Query-driven analytics in graph databases
Graphs are becoming pervasive in several unconventional applications where connectivity needs to be leveraged for querying and analytical purposes. Such applications areas include the Semantic Web, Social Networks, Fraud Detection applications, Recommendation Systems and Knowledge Bases. At the heart of these applications lays the property graph data model as the common ground defining the foundations of current graph database systems. In this talk, I will provide a systematic view on query-driven analytics in graph databases. I will elucidate the needed requirements and open challenges for this emerging field.
Angela Bonifati is a Full Professor of Computer Science at Lyon 1 University (France), where she leads the Database Group.
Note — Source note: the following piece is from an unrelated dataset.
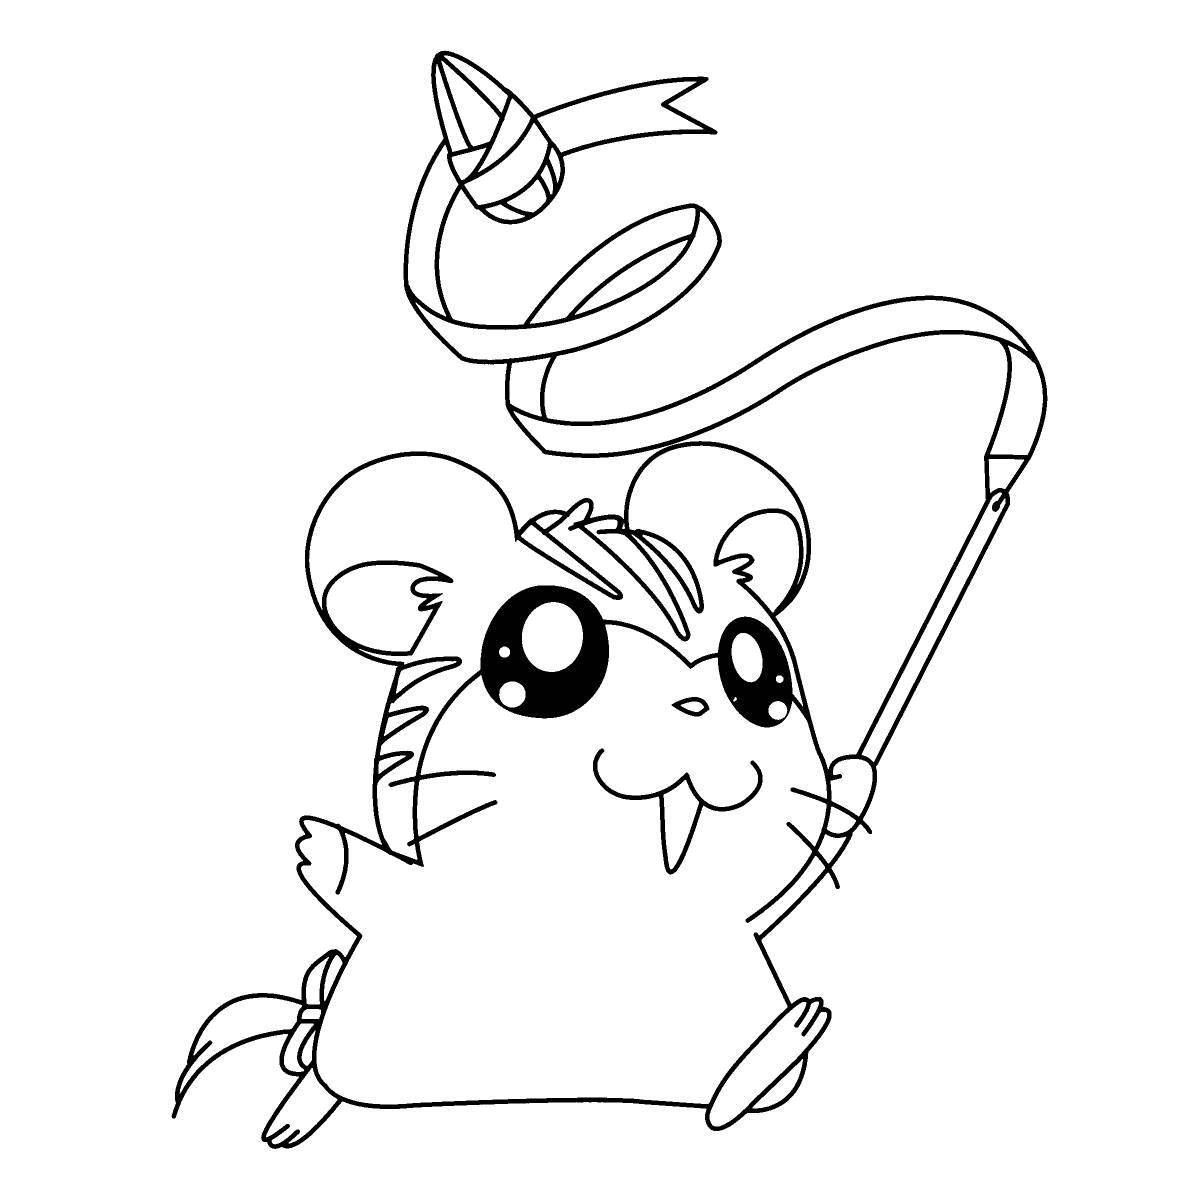 Sparkling mouse sausage coloring page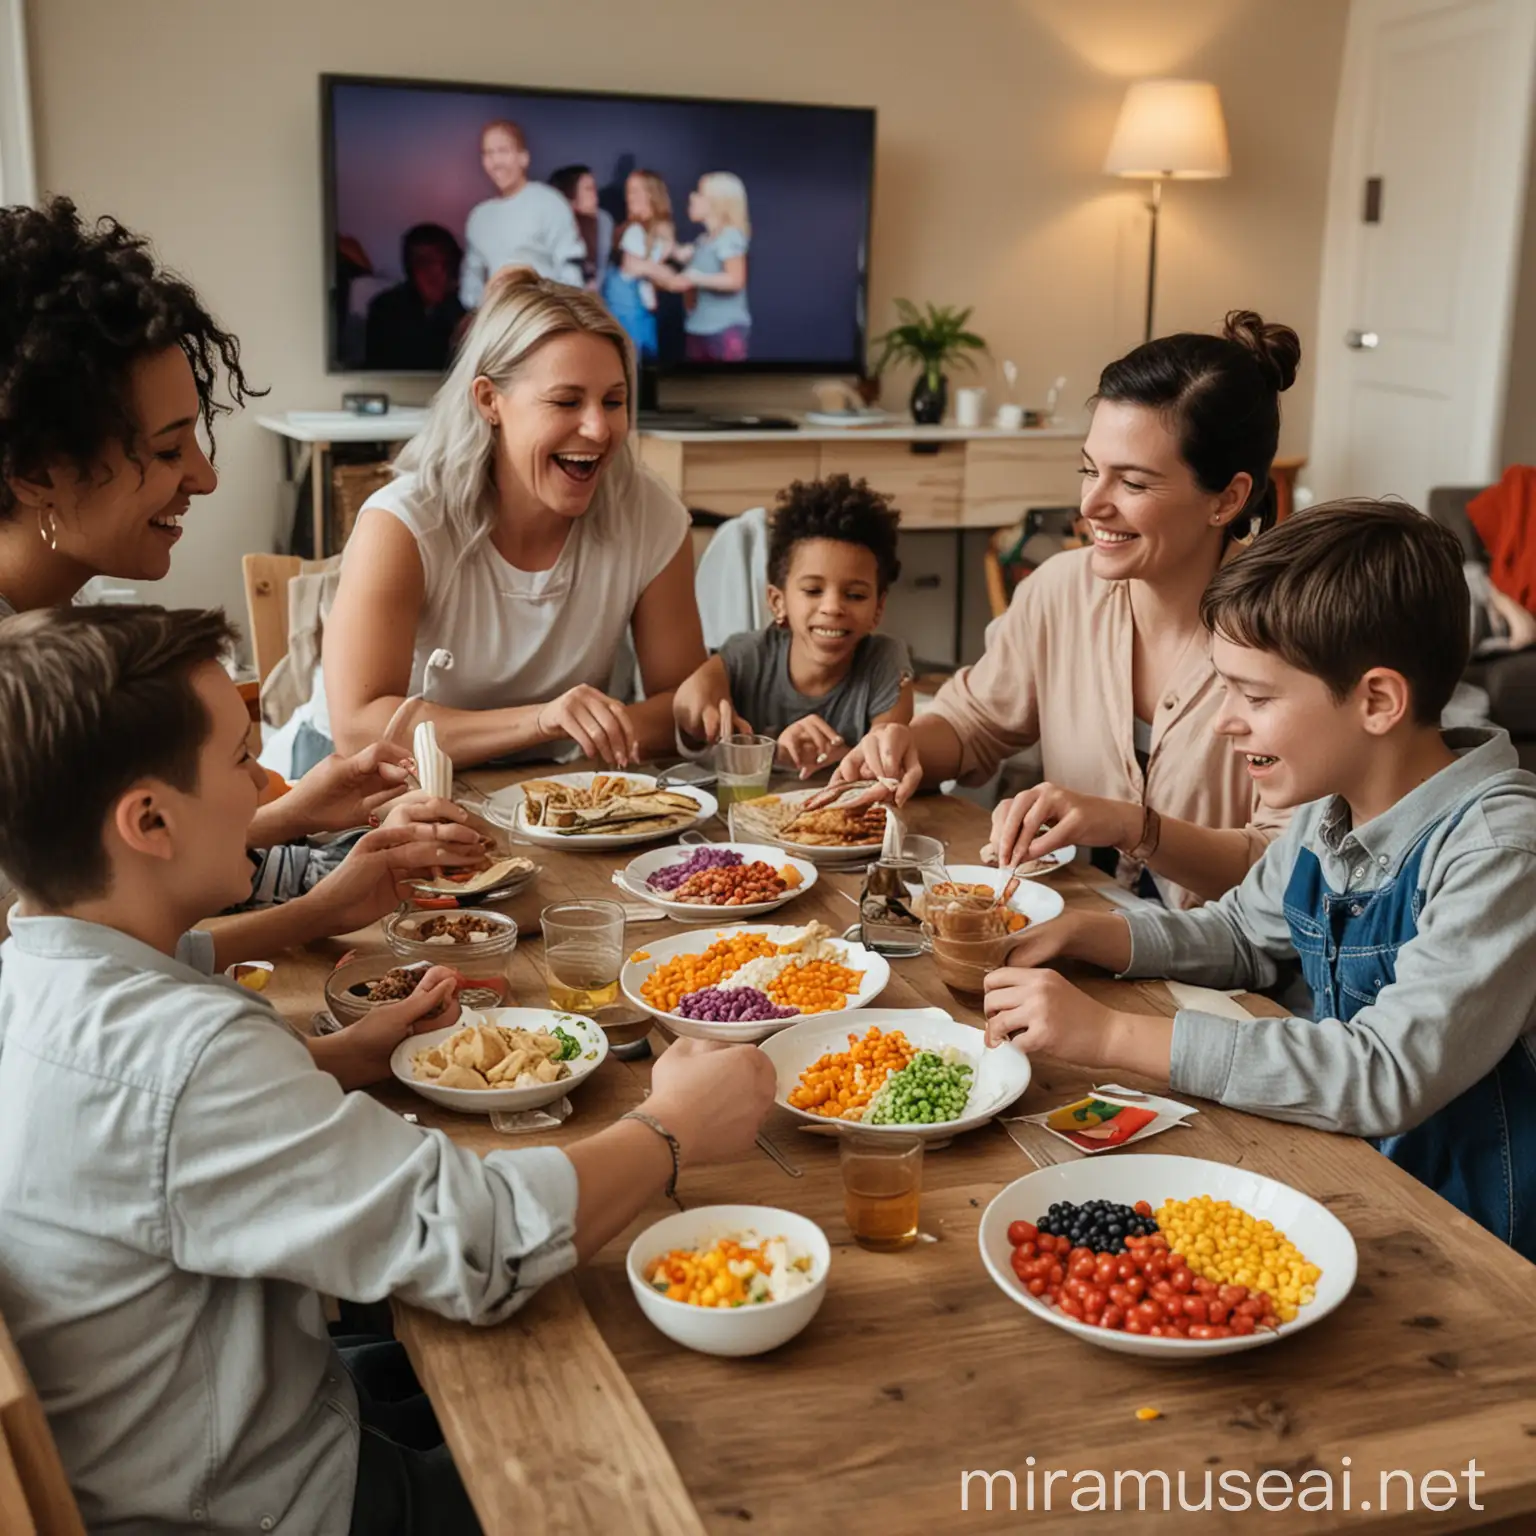 image capturing moments between LGBTQ+ parents and their children like :Families at mealtime, playing games, watching movies or TV

She received her PhD from Politecnico di Milano in 2002 and was a postdoctoral researcher at INRIA Paris until 2003. Her current research interests are on the interplay of relational and graph-oriented data paradigms, particularly on query processing, data integration and data curation, metadata management and learning. On these topics, she has co-authored more than 100 publications in top-tier database conferences and journals. She is the Program Chair of EDBT 2020, an Associate Editor of PVLDB (2020-2022), the Demo Co-Chair of ICDE 2020 and the Sigmod 2019 and Sigmod 2020 Workshops Co-chair. She was Vice Chair of ICDE 2018 and ICDE 2011. She is an Associate Editor for several journals, including the VLDB Journal, ACM TODS and Distributed and Parallel Databases. She holds several visiting positions, the latest of which at the University of Waterloo (Canada) in 2019.